Kutipan dari aktor ternama asal Kanada yang juga hidup dengan Parkinson ini memberi gambaran betapa martabat seseorang bisa terus diserang, tetapi tetap tak bisa direnggut tanpa persetujuan dalam diri sendiri. Sayangnya, sebagian dari masyarakat selalu berupaya untuk menyerang martabat, terkhususnya teman difabel dengan bentuk diskriminasi halus yang dikenal sebagai ableism. 

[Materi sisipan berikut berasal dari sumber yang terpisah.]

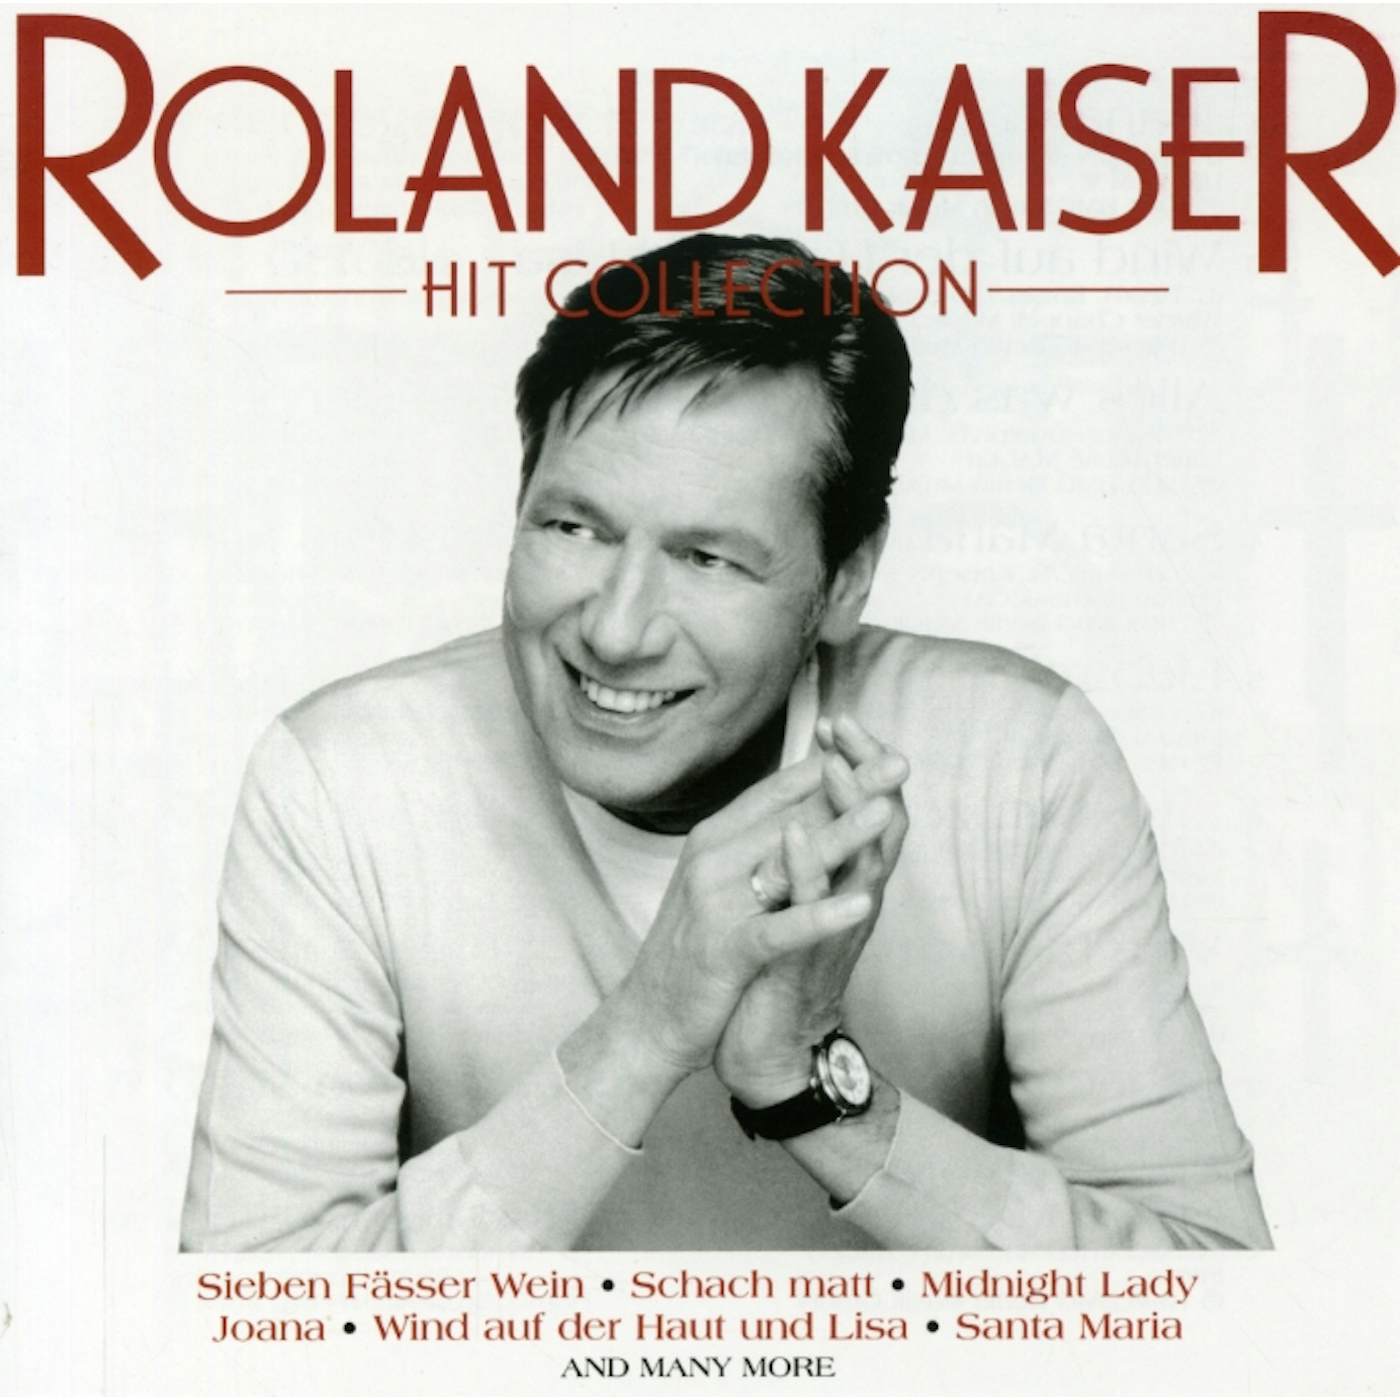 Roland Kaiser HIT COLLECTION CD

Stigma buruk terhadap difabel, atau yang dikenal sebagai ableism, menjadi suatu bias negatif yang mengendap dalam masyarakat. Beberapa orang menganggap bahwa difabel adalah sosok yang “kurang” atau “tidak normal”. Hal tersebut sesuai dengan pengertian ableism sendiri yaitu tindakan yang mendiskriminasi, merendahkan, atau menganggap difabel sebagai kelompok yang lebih rendah dibandingkan orang non difabel. Ableism sering muncul sebagai bentuk candaan yang menjadikan kondisi difabel sebagai bahan gurauan.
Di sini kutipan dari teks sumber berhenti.